Revision history for this message
Savanna (xyzxyzxyz) said :
#5

Thank you so much for the reply. I have few more doubts after immense drilling :

1. I checked install savanna in fuel and have "Savanna" tab in my UI Horizon. Is this installation of savanna enough or should I download any other for proper working of savanna ?

2. Is there anything like "Savanna dashboard" which acts like the "Savanna-only" UI that I can install?

Revision history for this message
Matthew Farrellee (mattf) said :
#6

Please open new questions instead of continuing an existing/answered question. Doing so will help the entire community find and address issues.

Revision history for this message
Sunzen Wang (sunzen) said :
#7

Matthew Farrellee,

Thank you for your information.

In my enviroment (icehouse at CentOS 6.5, with FLATDHCP network built on ML2/OpenvSwitch) ssh into VM instances is ok,
but cluster is still always waiting after launched.

After adding debug=true to sahara.conf, special log record is as following:

2014-06-12 19:54:25.915 23444 DEBUG sahara.service.engine [-] Can't login to node minione-minione121-001 (192.168.200.145), reason RuntimeError: Neutron router not found corresponding to network fd76b58c-3733-461a-b7ac-3b823c460e48 _wait_until_accessible /usr/lib/python2.6/site-packages/sahara/service/engine.py:95

I used FlatDHCP, so I didn't configure neutron router.
Why neutron router is necessary? How to handle it for FlatDHCP network?

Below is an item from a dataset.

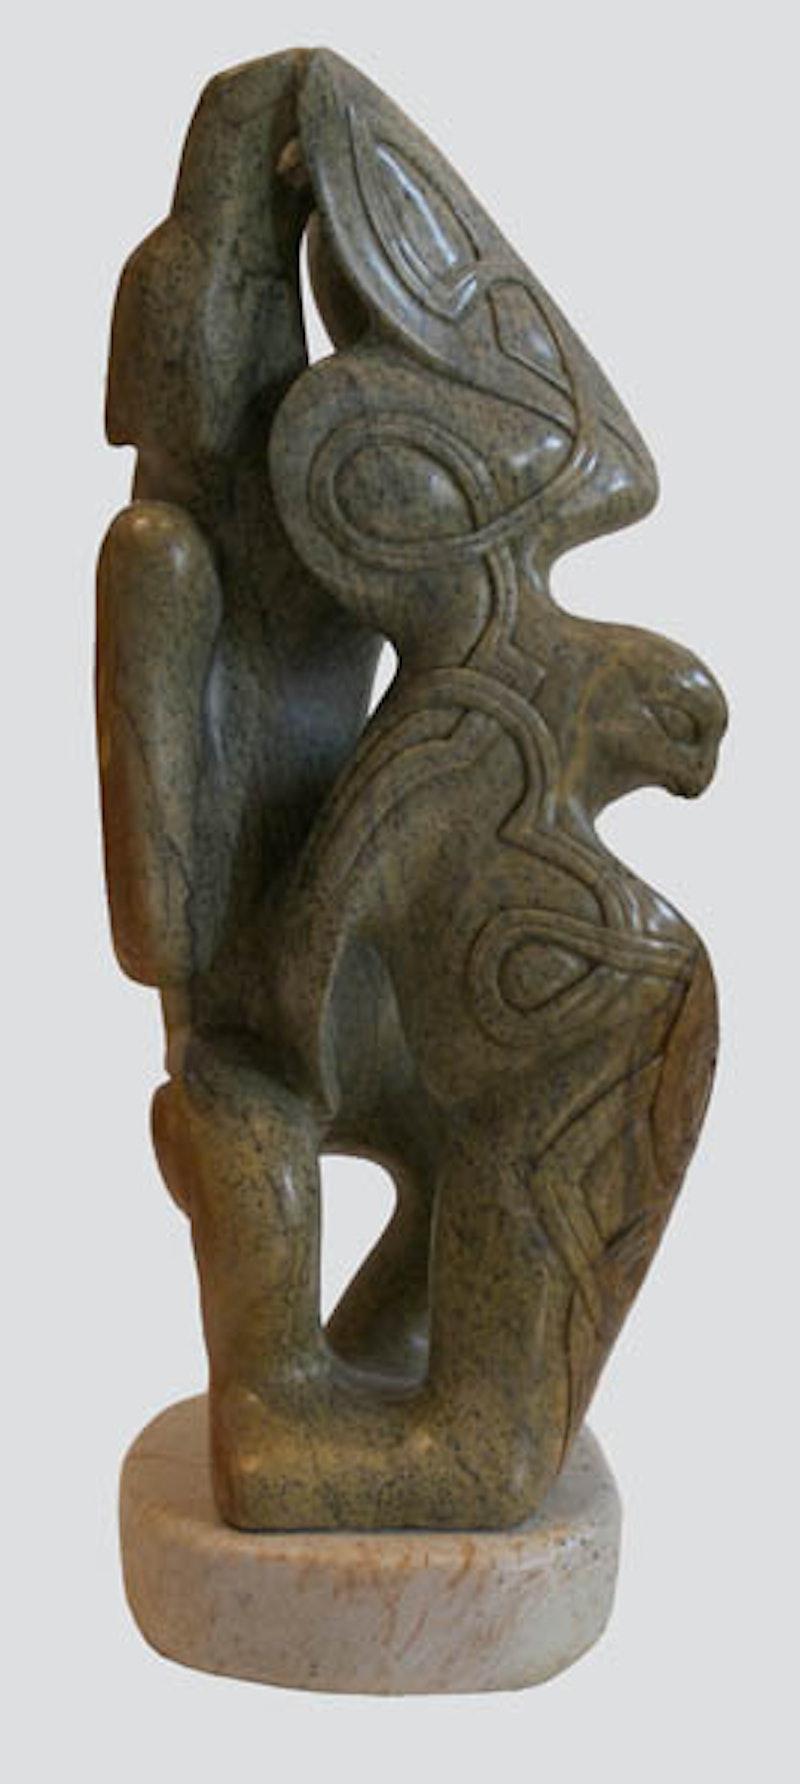 Nordic Bear and Falcon Image 1

I tried to configure a default router, specially log records are as following:
2014-06-12 20:02:04.858 23444 DEBUG sahara.service.engine [-] Can't login to node minione-minione121-001 (192.168.200.145), reason EOFError: _wait_until_accessible /usr/lib/python2.6/site-packages/sahara/service/engine.py:95
2014-06-12 20:02:10.689 23444 DEBUG sahara.service.engine [-] Can't login to node minione-minione121-001 (192.168.200.145), reason EOFError: _wait_until_accessible /usr/lib/python2.6/site-packages/sahara/service/engine.py:95
2014-06-12 20:02:16.516 23444 DEBUG sahara.service.engine [-] Can't login to node minione-minione121-001 (192.168.200.145), reason SSHException: Error reading SSH protocol banner _wait_until_accessible /usr/lib/python2.6/site-packages/sahara/service/engine.py:95

I'm still not good at OpenStack networking.
Thank you for your more guidance.

Regards

Revision history for this message
Sunzen Wang (sunzen) said :
#8

Matthew Farrellee,

Thank you for your information.

In my enviroment (icehouse at CentOS 6.5, with FLATDHCP network built on ML2/OpenvSwitch) ssh into VM instances is ok,
but cluster is still always waiting after launched.

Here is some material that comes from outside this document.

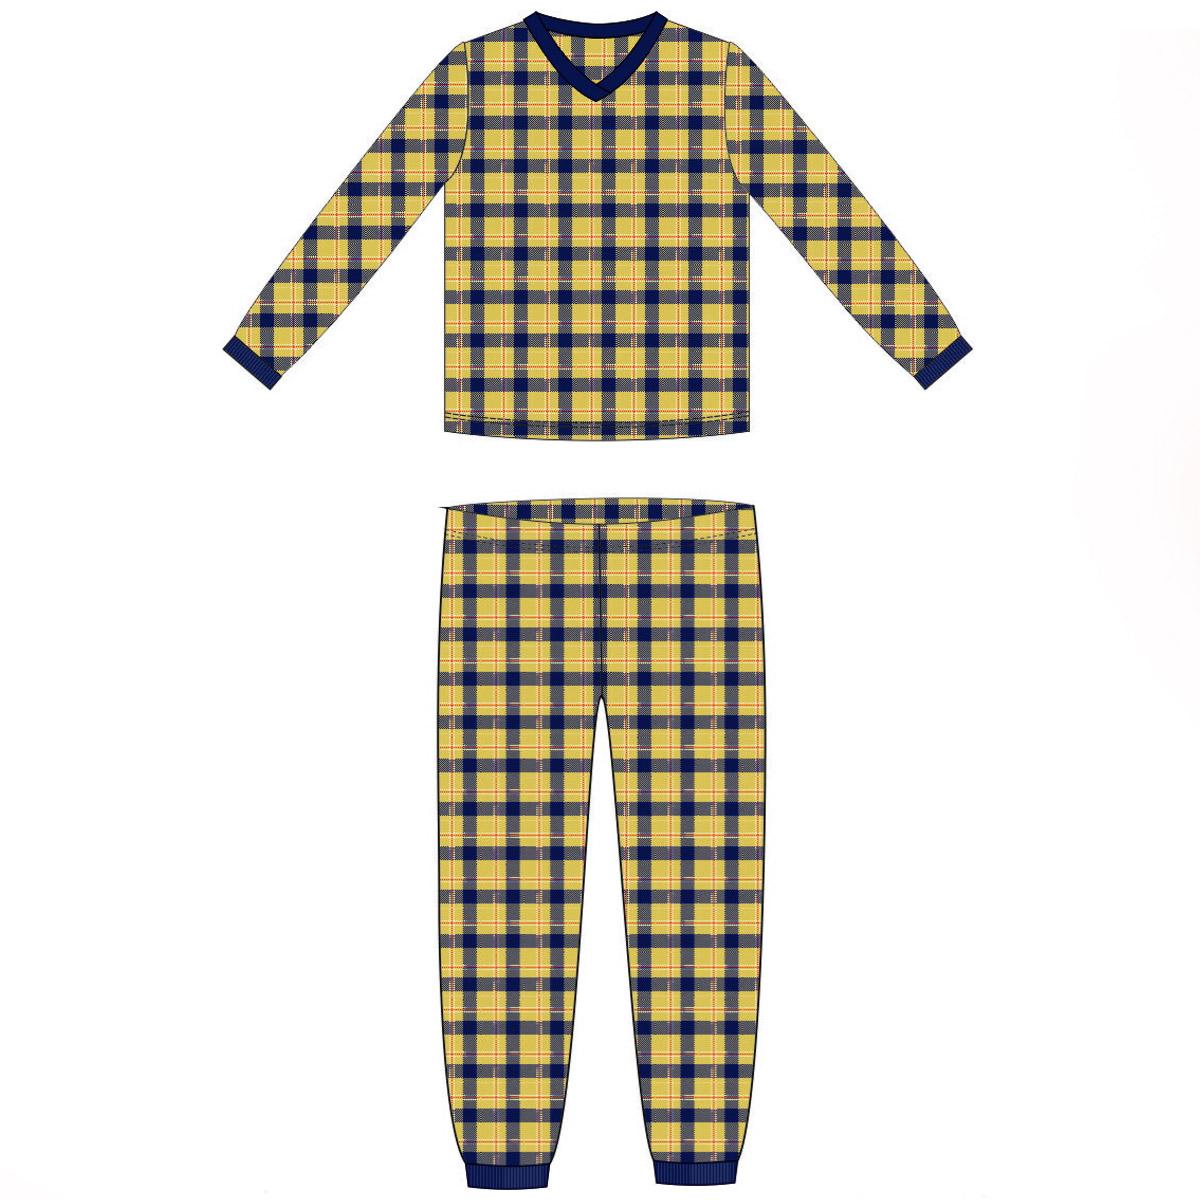 Пижама для мальчика Ёмаё (18-301) рост 86 клетка бежевая<br>

After adding debug=true to sahara.conf, special log record is as following:

2014-06-12 19:54:25.915 23444 DEBUG sahara.service.engine [-] Can't login to node minione-minione121-001 (192.168.200.145), reason RuntimeError: Neutron router not found corresponding to network fd76b58c-3733-461a-b7ac-3b823c460e48 _wait_until_accessible /usr/lib/python2.6/site-packages/sahara/service/engine.py:95

I used FlatDHCP, so I didn't configure neutron router.
Why neutron router is necessary? How to handle it for FlatDHCP network?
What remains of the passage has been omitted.